The Agency may request that Hillwood consider modifications to the description of the Project
from time-to-time. Each such modification shall be subject to the reasonable approval of Hill wood.
d. The Agency shall during the course of the Project Study consider the specific terms and
conditions of redevelopment assistance which Hillwood may propose to include in the Project OPA;
provided, however, the Agency reserves the sole and absolute discretion to accept, reject or modify any
such proposed term or condition to the Project OP A in its sole discretion.
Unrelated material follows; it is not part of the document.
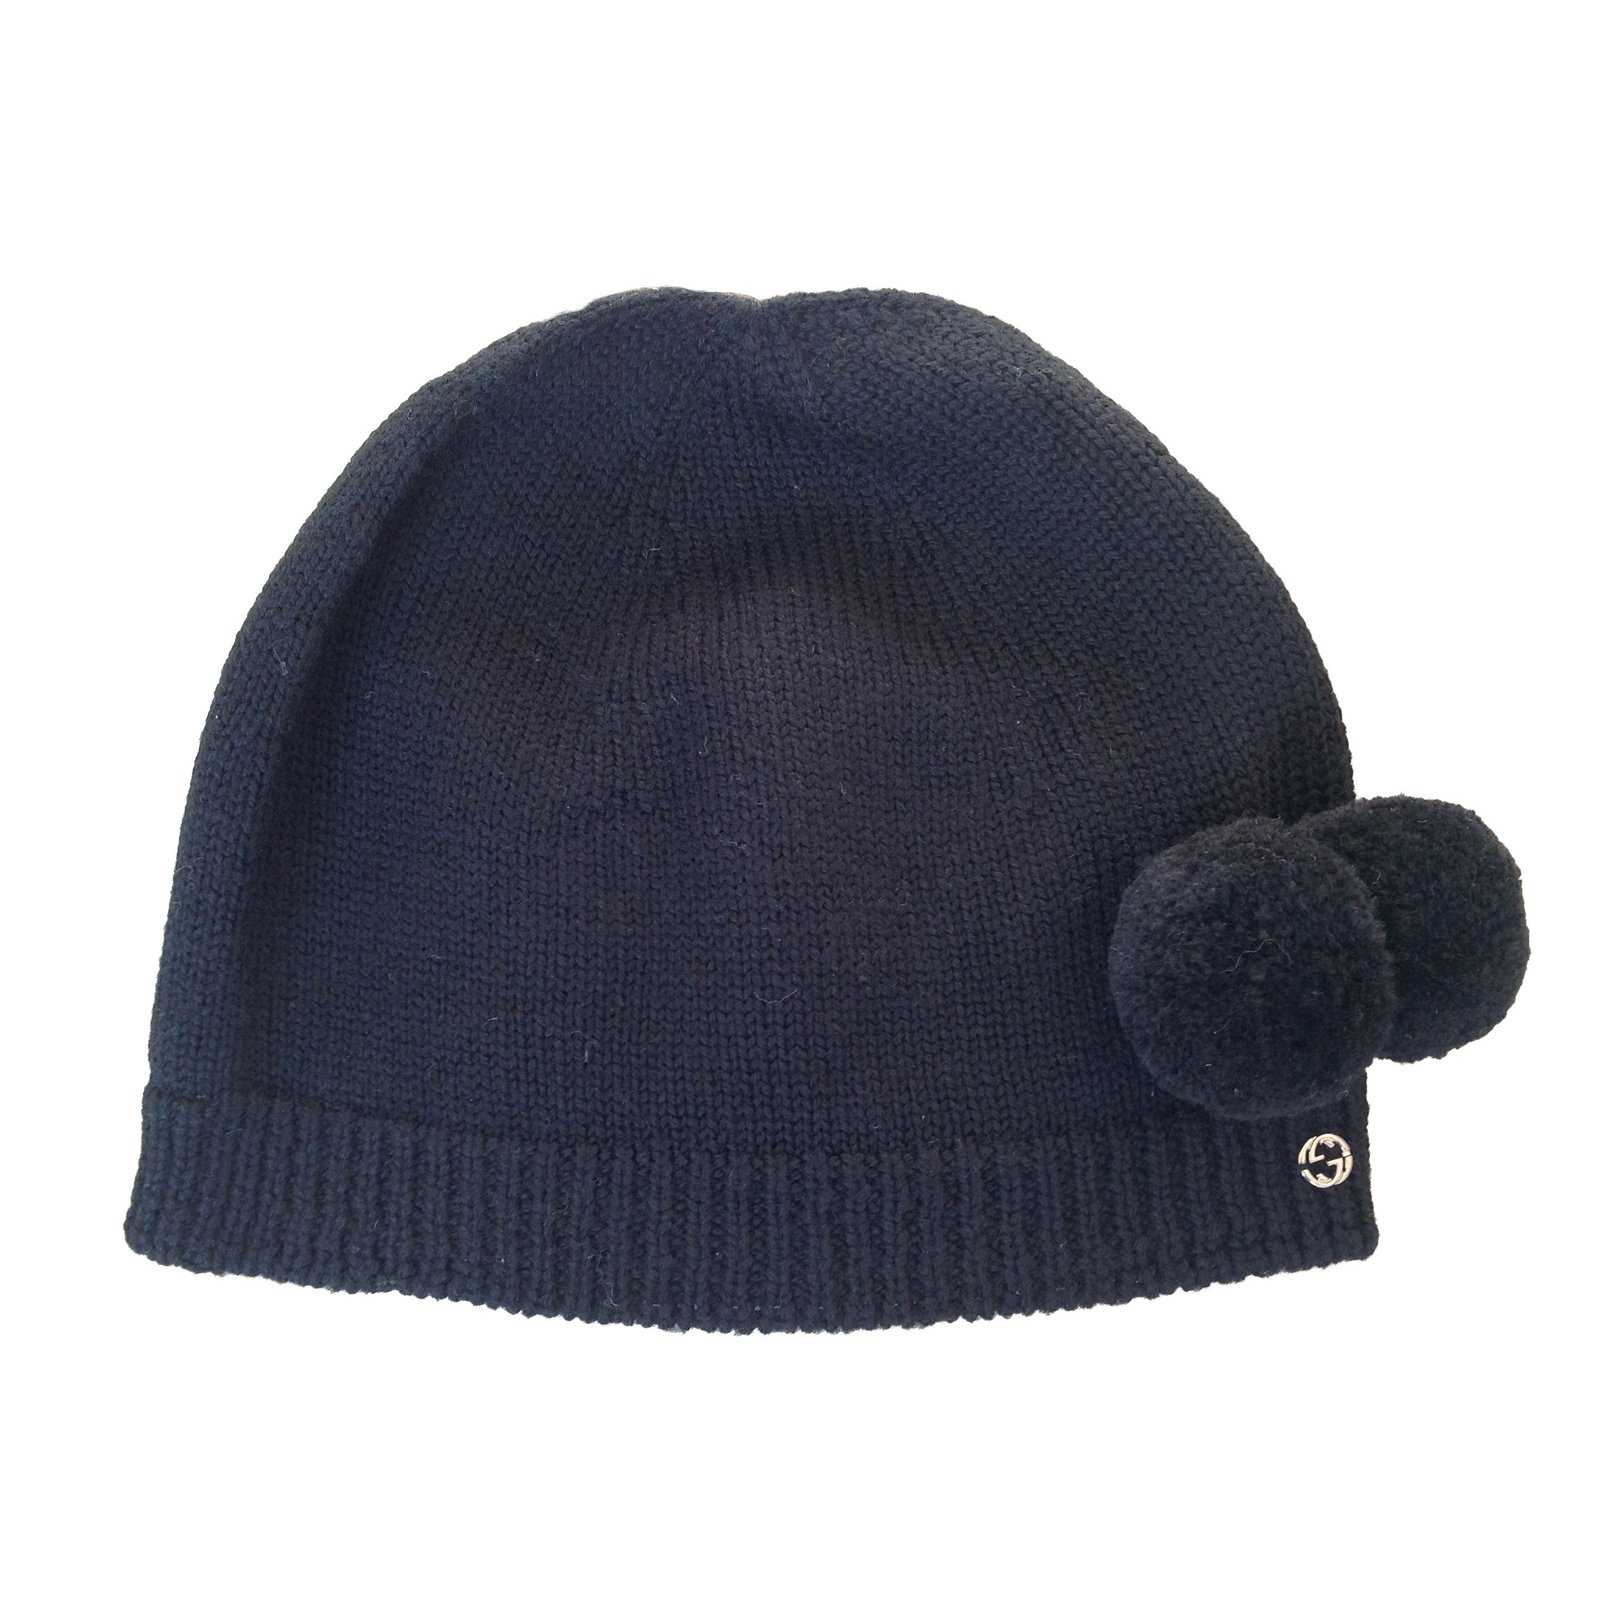 9ea71dde8a6 Gucci Gucci wool hat Hats Wool Black ref.47393 - Joli Closet

e. During the course of the Project Study, Hillwood shall pay for any and all "Project
Study Costs" and expenses of third party consultants who are engaged by the Agency and/or Hillwood
under written contract to undertake one or more elements of the Project Study, which the Agency at its
sole discretion has elected to undertake with the prior written consent by Hillwood as to the payment
of related consultant costs and expenses. Project Study Costs include third party costs incurred by
Hillwood in connection with the preparation or submission of any information relating to the Project
on which any element of the Project Study may be based, including civil engineering expenses,
architectural fees, accounting fees and similar expenses. Each party shall bear its own legal fees and
costs in conncction with the Project Study.
f. All third-party consultants, if any, retained by the Agency at its sole cost and expense to
prepare any study or document as part of the Project Study for the benefit of the Agency review and
consideration of the Project OPA shall be subject to the sole control and direction of the Agency. The
work product of any such person shall be the property of the Agency and the Agency shall have the
right to use and republish such work product for any purpose.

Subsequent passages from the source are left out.